Tuesday, 10 September 2013

Middle lane swimming


I’ve been swimming three times this week. I have a bad back so it’s all I can do to help it. People have suggested yoga but I would only be able to do pose of a cat, dog or cobra if they were all roadkill. I have even been getting round my flat on all fours cos it’s easier than straightening up. My neighbours opposite can see inside my flat and possibly suspect I have taken my yearning to own a dog a step too far (Or they’ll assume I’m a sexual sub!)
The only ‘drawback’ of swimming is that I can’t get the smell of chlorine off my skin. Despite slathering myself in orange citrus shower gel and moisturising with cocoa butter oil (net result: craving Jaffa Cakes) it’s still there, but I’m Ok with that.
The hint of bleachiness on my arms reminds me of clean floors in libraries and childhood swimming trips ending in vending machine Quavers., And due to all of this Proustian involuntary memory stuff, the whiff of chlorine on a man is kind of sexy to me despite the fact he could have been disposing of women’s bodies all day.
It was a big day for some fish when they sprung legs like dachshunds and could cope on land.
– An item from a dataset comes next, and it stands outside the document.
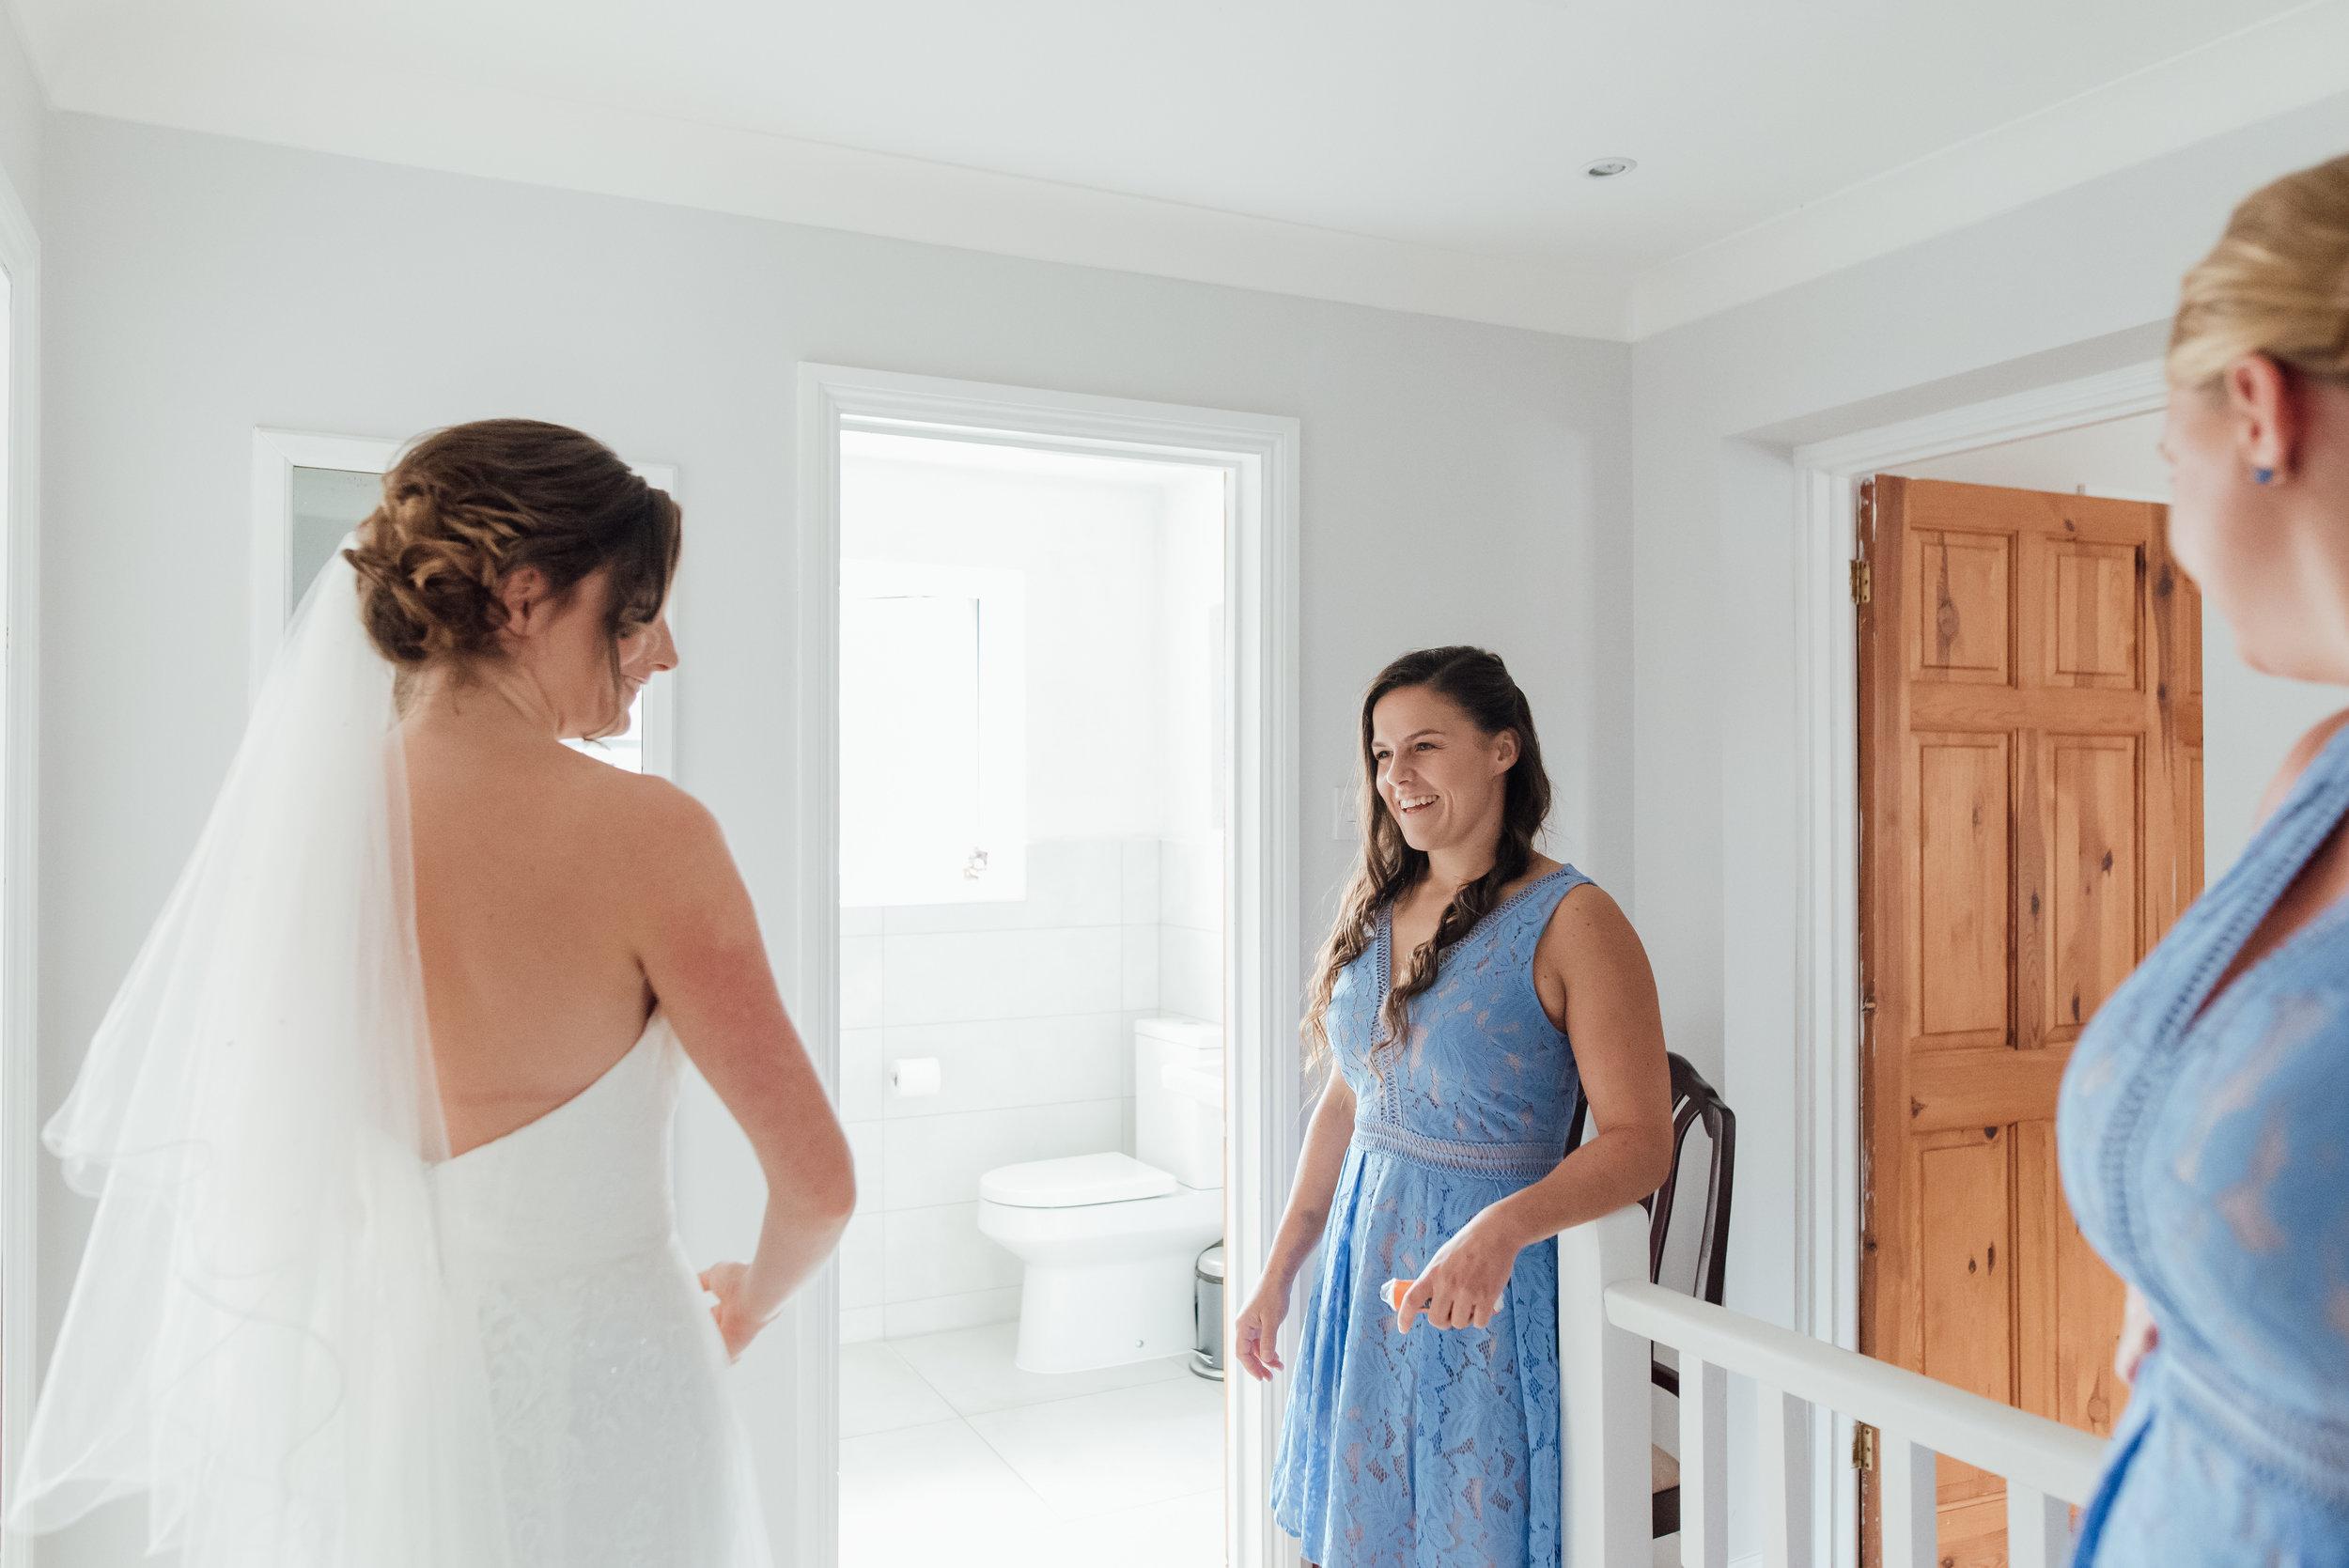 Hampshire-wedding-photographer : hampshire-village-hall-wedding : rotherwick-village-hall-wedding : wedding-photographer-hampshire : amy-james-photography : natural-wedding-photographer-hampshire : wedding-photographer-hampshire-150.jpg

I feel the same about my first pair of goggles that don’t leak in the water.  I can stay in for longer (wondering if I would have been able to survive The Titanic) and swim much better underwater, often pretending to be a manatee or some other creature from the deep as Attenborough narrates, commenting on my size to gracefulness ratio.
I love the sound of my own exhaling underwater and of course the main is joy of having my eyes open is looking at the bit of the pool where is it slopes down massively from shallow to deep. I like to glide over that bit with one arm straight ahead so I can pretend to be Superwoman.
Late night visits to a pool is a filthier habit than smoking when you consider the large area of human skin to have been dipped in it throughout the day but it’s the best time to go because there are so few people and they conveniently divide the pool into three. Like the frigging Goldilocks of swimming, I’m not too fast or too slow - I am very much a middle lane swimmer.
But some people don’t respect what lane they should be swimming in. It’s like when someone uses their phone in the quiet carriage – everyone else has agreed on the main condition of being there, but that particular person thinks it doesn’t apply to them. I recently muttered, ‘For fuck’s sake!’ as the guy sat next to me went to make his third call about how he must be allergic to tequila. He got upset and said there was no need to swear. I explained there was and that it wasn’t the no-swearing carriage. Motorway drivers often speak about people driving ‘up their arse’. In a swimming pool, that phrase is less figurative. Some people swim so slowly in the medium lane that they create a human centipede behind them.
But yesterday I witnessed a new kind of ‘pool rage’. The centrifugal dryer spinning thing that gets the water out of swimwear was broken for the second day running.  It’s a good little machine. It makes a satisfyingly loud noise and does sterling work and I like that in a thing. When I first owned a liquidiser, I don’t think I ate solids for weeks, only soups and smoothies cos the power of pressing the squish button was so immense.
The pool is at the gym and when a machine isn’t working there, they put a sign on it that says something like ‘I’m under the weather. Please use an alternative.’ or  ‘I’m poorly. Come back and use me another day’ or ‘Boohoo, I’m injured. My ickle pulley system is all ouchy. Don’t let them melt me down like they did to the rowing machine. I’ve never met my real dad.’  The worst of these anthrofuckingmorphising notices is on a toilet somewhere in Soho begging people not to put hand towels or feminine hygiene down it; It starts “Hello, my name’s Lou..”.  I’d prefer the more upfront ‘It’s broken because some clueless idiot broke it.” 
The dryer at the pool had a sign apologising for not working just above the instructions for use which were of course written in the first person. It’s simple, just put one costume in at a time, not twelve of them. I don’t know if that’s how it broke, I wasn’t there, but I was there when a German-sounding woman in the changing rooms dressed in just a towel, read the notice (at the same time as me, also only wearing a towel), lost her shit, grabbed my arm and said, ‘Come on, we are going to the men’s to use theirs.’ I exclaimed ‘No. I don’t wanna go, I only live round the corner. I can dry it at home. No, I don’t need to see what’s in there.’
She let me off and strode off towards the men’s. She didn’t get as far as actually going in but stood outside while some bemused bloke she had collared did it for her. She came back in and showed me her dry costume triumphantly. I recognised it from the front of the centipede.
Godammit.

Tuesday, 26 February 2013

Juliet Meyers: wooo-who?

Juliet Meyers: wooo-who?: Someone made me a mix tape for Valentine’s one year. Between tracks they DJ’ed it by chatting away making raunchy comments. It wasn...

wooo-who?


Someone made me a Valentine's mix tape one year. Between tracks they DJ’ed it by chatting away making raunchy comments. It wasn’t creepy because it was obvious we liked each other and we were, as the tape's compiler said, 'on the brink'. It was very exciting.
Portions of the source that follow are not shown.